In [1]:
import sys 
import os  
import json
import datetime as dt 
import pandas as pd 
import numpy as np 
import talib
import sqlite3 as sql
from itertools import repeat
from p_tqdm import p_umap
sys.path.append('../')
from backtester import * 
from fxcmtoken import my_assets

In [2]:
for i, a in enumerate(my_assets):
    print(i, a)

0 EUR/USD
1 USD/JPY
2 GBP/USD
3 USD/CHF
4 AUD/USD
5 USD/CAD
6 NZD/USD
7 AUS200
8 ESP35
9 EUSTX50
10 FRA40
11 GER30
12 HKG33
13 JPN225
14 NAS100
15 SPX500
16 UK100
17 US30
18 Copper
19 NGAS
20 UKOil
21 USOil
22 XAU/USD
23 XAG/USD


In [3]:
freq = 'H1'
conn = sql.connect(f'../PriceData/PriceData_{freq}.db')
ticker = my_assets[10]
print(ticker)
data_sql = pd.read_sql(f"SELECT * FROM '{ticker}'", conn, parse_dates=['date'], index_col=['date'])
for col in ['open', 'close', 'high', 'low']:
    data_sql[col] = data_sql[['bid'+col, 'ask'+col]].mean(axis=1)
conn.close()
data_sql.tail()

FRA40


Unnamed: 0_level_0,bidopen,bidclose,bidhigh,bidlow,askopen,askclose,askhigh,asklow,tickqty,open,close,high,low
date,Unnamed: 1_level_1,Unnamed: 2_level_1,Unnamed: 3_level_1,Unnamed: 4_level_1,Unnamed: 5_level_1,Unnamed: 6_level_1,Unnamed: 7_level_1,Unnamed: 8_level_1,Unnamed: 9_level_1,Unnamed: 10_level_1,Unnamed: 11_level_1,Unnamed: 12_level_1,Unnamed: 13_level_1
2022-07-22 15:00:00,6225.68,6211.04,6230.38,6200.63,6226.68,6212.04,6231.38,6201.63,6323,6226.18,6211.54,6230.88,6201.13
2022-07-22 16:00:00,6211.29,6195.34,6214.21,6194.1,6212.29,6196.34,6215.21,6195.1,2582,6211.79,6195.84,6214.71,6194.6
2022-07-22 17:00:00,6194.84,6181.79,6194.84,6173.65,6195.84,6182.79,6195.84,6174.65,1922,6195.34,6182.29,6195.34,6174.15
2022-07-22 18:00:00,6181.42,6168.42,6182.19,6161.08,6182.42,6169.42,6183.19,6162.08,1868,6181.92,6168.92,6182.69,6161.58
2022-07-22 19:00:00,6168.38,6178.51,6182.79,6163.92,6169.38,6179.71,6183.79,6164.92,2226,6168.88,6179.11,6183.29,6164.42


In [4]:
def get_mama_return(n_period, data, freq, split_date):
    
    data['ht'] = talib.HT_TRENDLINE(data.close)
    data.dropna(axis=0, inplace=True)
    data['mama'], data['fama'] = talib.MAMA(data.ht, fastlimit=n_period, slowlimit=n_period/10)
    data.dropna(axis=0, inplace=True)
    data['signals'] = np.where(data.mama > data.fama, 1, -1) 
    
    train, test = (data.loc[pd.Timestamp(split_date)-dt.timedelta(days=7):pd.Timestamp(split_date)-dt.timedelta(days=1)] , 
                   data.loc[pd.Timestamp(split_date):])
    
    train_backtest = IterativeBacktester(data=train, signals=train.signals, freq=freq)
    train_backtest.backtest(progress_bar=False)
    
    test_backtest = IterativeBacktester(data=test, signals=test.signals, freq=freq)
    test_backtest.backtest(progress_bar=False)

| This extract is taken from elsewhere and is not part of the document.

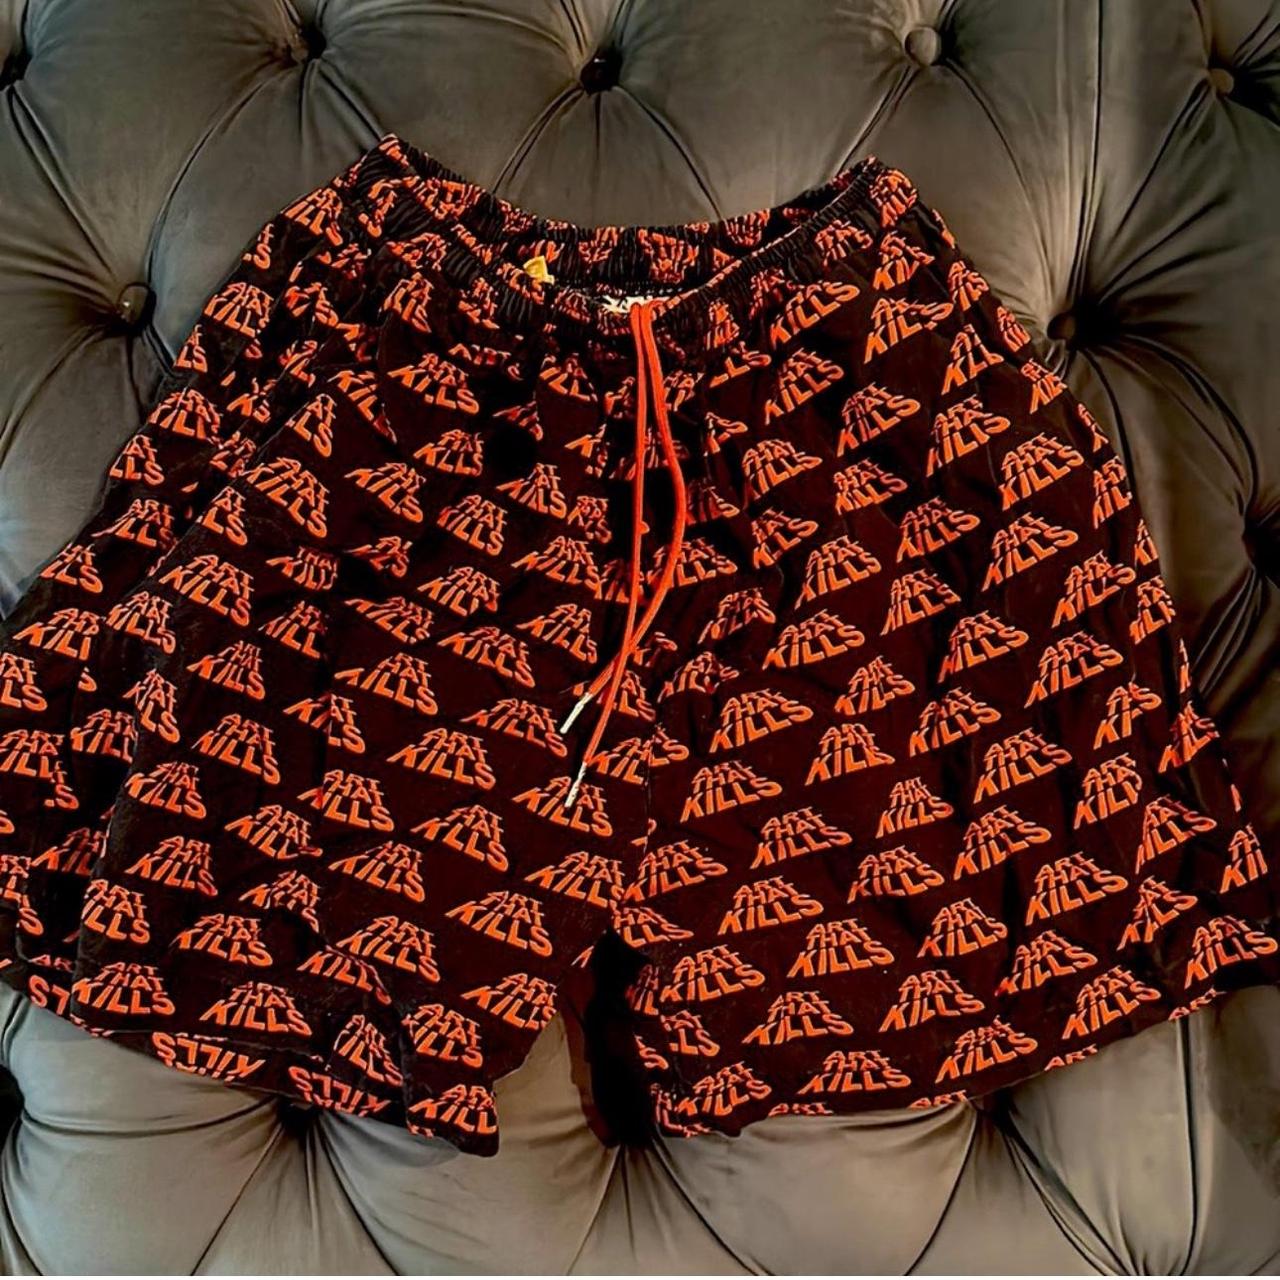 Gallery Dept Awesome ATK shorts

    return n_period, train_backtest.return_df.loc['TotalReturn', 'Portfolio'], test_backtest.return_df.loc['TotalReturn', 'Portfolio']

In [5]:
def get_tsf_return(n_period, data, freq, split_date):
    
    data['ht'] = talib.HT_TRENDLINE(data.close)
    data['tsf'] = talib.TSF(data.ht, n_period)
    data.dropna(axis=0, inplace=True)
    data['signals'] = np.where(data.ht > data.tsf, 1, -1)
    
    train, test = (data.loc[pd.Timestamp(split_date)-dt.timedelta(days=7):pd.Timestamp(split_date)-dt.timedelta(days=1)] , 
                   data.loc[pd.Timestamp(split_date):])
    
    train_backtest = IterativeBacktester(data=train, signals=train.signals, freq=freq)
    train_backtest.backtest(progress_bar=False)
    
    test_backtest = IterativeBacktester(data=test, signals=test.signals, freq=freq)
    test_backtest.backtest(progress_bar=False)

    return n_period, train_backtest.return_df.loc['TotalReturn', 'Portfolio'], test_backtest.return_df.loc['TotalReturn', 'Portfolio']

In [6]:
def get_slope_return(n_period, data, freq, split_date):
    
    data['ht'] = talib.HT_TRENDLINE(data.close)
    data.dropna(axis=0, inplace=True)
    data['signals'] = talib.LINEARREG_SLOPE(data.ht, timeperiod=n_period).apply(np.sign)
    data.dropna(axis=0, inplace=True)
    
    train, test = (data.loc[pd.Timestamp(split_date)-dt.timedelta(days=7):pd.Timestamp(split_date)-dt.timedelta(days=1)] , 
                   data.loc[pd.Timestamp(split_date):])
    
    train_backtest = IterativeBacktester(data=train, signals=train.signals, freq=freq)
    train_backtest.backtest(progress_bar=False)
    
    test_backtest = IterativeBacktester(data=test, signals=test.signals, freq=freq)
    test_backtest.backtest(progress_bar=False)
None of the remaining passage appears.